Score matching has been introduced in Song, Ermon, Generative Modeling by Estimating Gradients of the Data Distribution
Fisher divergence between two densities is defines as
$$E_p \Vert \nabla \log q - \nabla \log p \Vert^2$$In score matching, we learn the score function $s_{\theta} = \nabla \log q$.
The objective minimizes $\frac{1}{2} \mathbb{E}_{p_{\text {data }}}\left[\left\|\mathbf{s}_{\boldsymbol{\theta}}(\mathbf{x})-\nabla_{\mathbf{x}} \log p_{\text {data }}(\mathbf{x})\right\|_2^2\right]$, which can be shown equivalent to the following up to a constant $$ \mathbb{E}_{p_{\text {data }}(\mathbf{x})}\left[\operatorname{tr}\left(\nabla_{\mathbf{x}} \mathbf{s}_{\boldsymbol{\theta}}(\mathbf{x})\right)+\frac{1}{2}\left\|\mathbf{s}_{\boldsymbol{\theta}}(\mathbf{x})\right\|_2^2\right] $$
The main challenge is in the evaluation of the trace of the Jacobian.
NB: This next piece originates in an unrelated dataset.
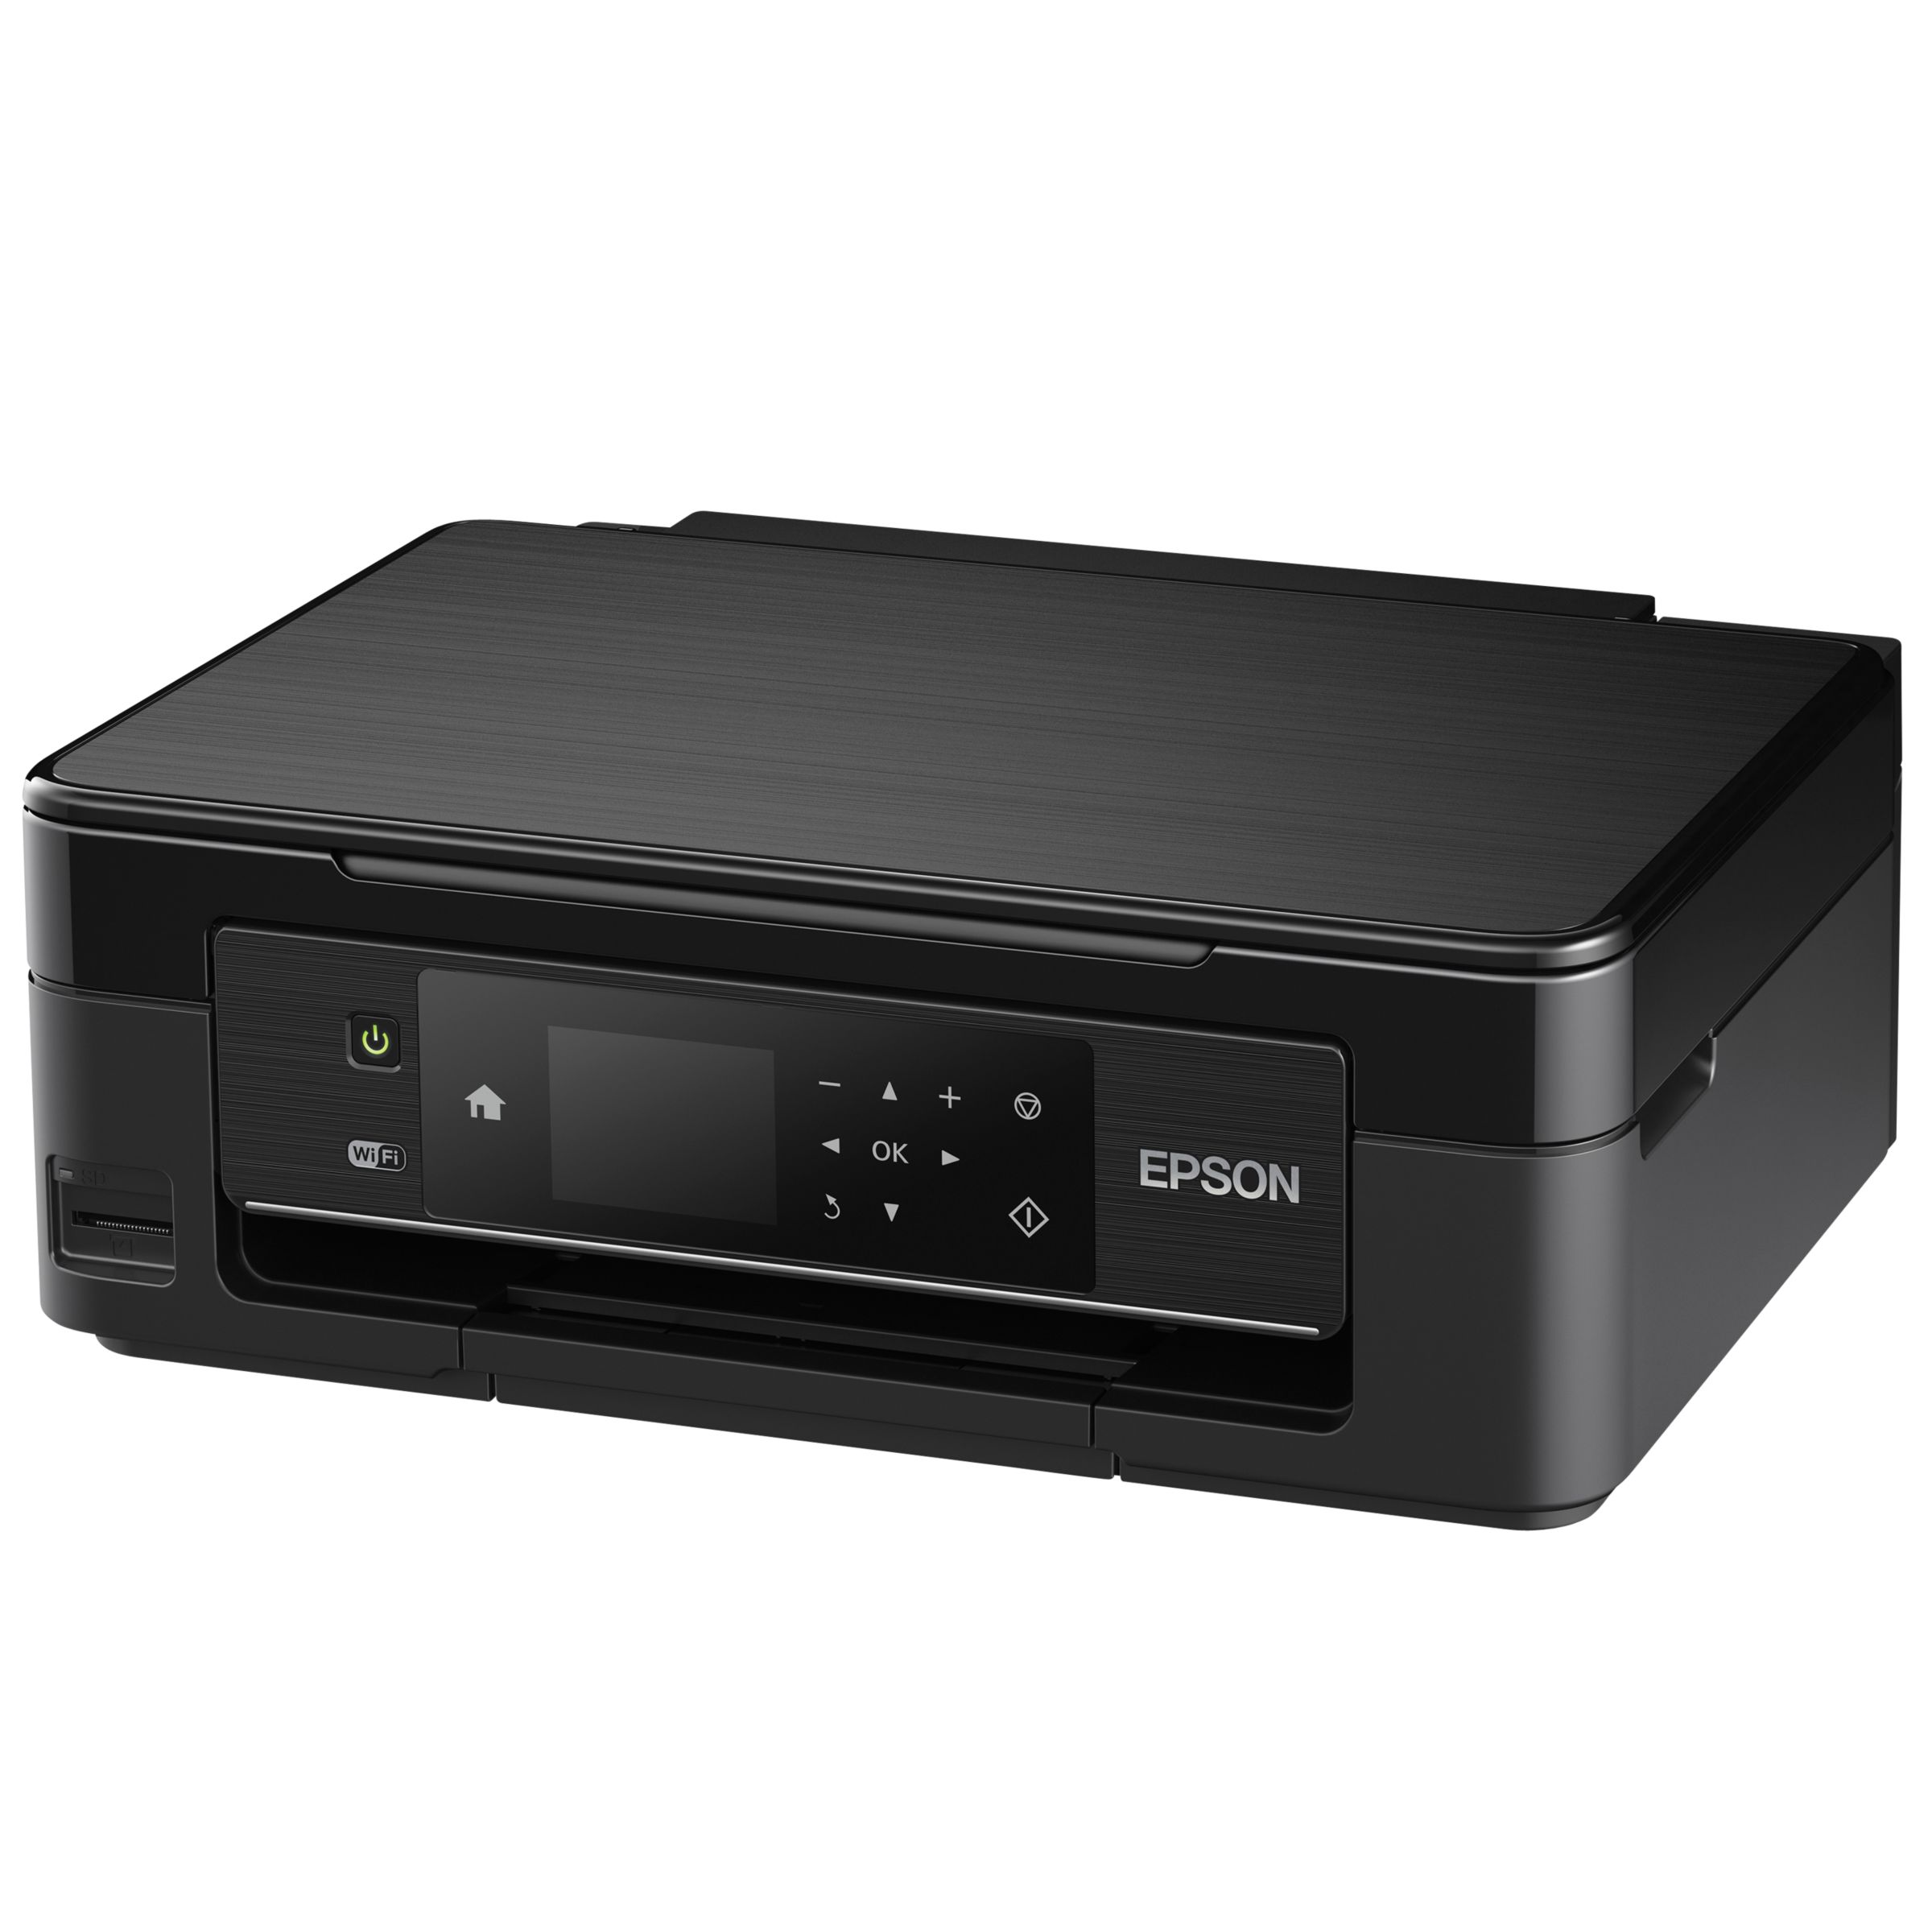 Epson Expression Home XP-442 Wi-Fi All-in-One Printer, Black

There are two ways of approximation of the trace. The first is called denoising score matching and is based on the well-known approximation of the Jacobian.
The objective is written as
\begin{equation} \frac{1}{2} \mathbb{E}_{q_\sigma(\tilde{\mathbf{x}} \mid \mathbf{x}) p_{\text {data }}(\mathbf{x})}\left[\left\|\mathbf{s}_{\boldsymbol{\theta}}(\tilde{\mathbf{x}})-\nabla_{\tilde{\mathbf{x}}} \log q_\sigma(\tilde{\mathbf{x}} \mid \mathbf{x})\right\|_2^2\right] \end{equation}where \begin{equation} q_\sigma(\tilde{\mathbf{x}} \mid \mathbf{x}) \end{equation} is the predefined noise distribution and
\begin{equation} q_\sigma(\tilde{\mathbf{x}}) \triangleq \int q_\sigma(\tilde{\mathbf{x}} \mid \mathbf{x}) p_{\mathrm{data}}(\mathbf{x}) \mathrm{d} \mathbf{x} \end{equation}We can also approximate the trace by using Hutchinson trace estimator.
The objective reads
\begin{equation} \mathbb{E}_{p_{\mathbf{v}}} \mathbb{E}_{p_{\text {data }}}\left[\mathbf{v}^{\top} \nabla_{\mathbf{x}} \mathbf{s}_{\boldsymbol{\theta}}(\mathbf{x}) \mathbf{v}+\frac{1}{2}\left\|\mathbf{s}_{\boldsymbol{\theta}}(\mathbf{x})\right\|_2^2\right] \end{equation}The term inside can be efficiently computed using autodifferentiation, and $p_v$ is a simple distribution (i.e., normal distribution).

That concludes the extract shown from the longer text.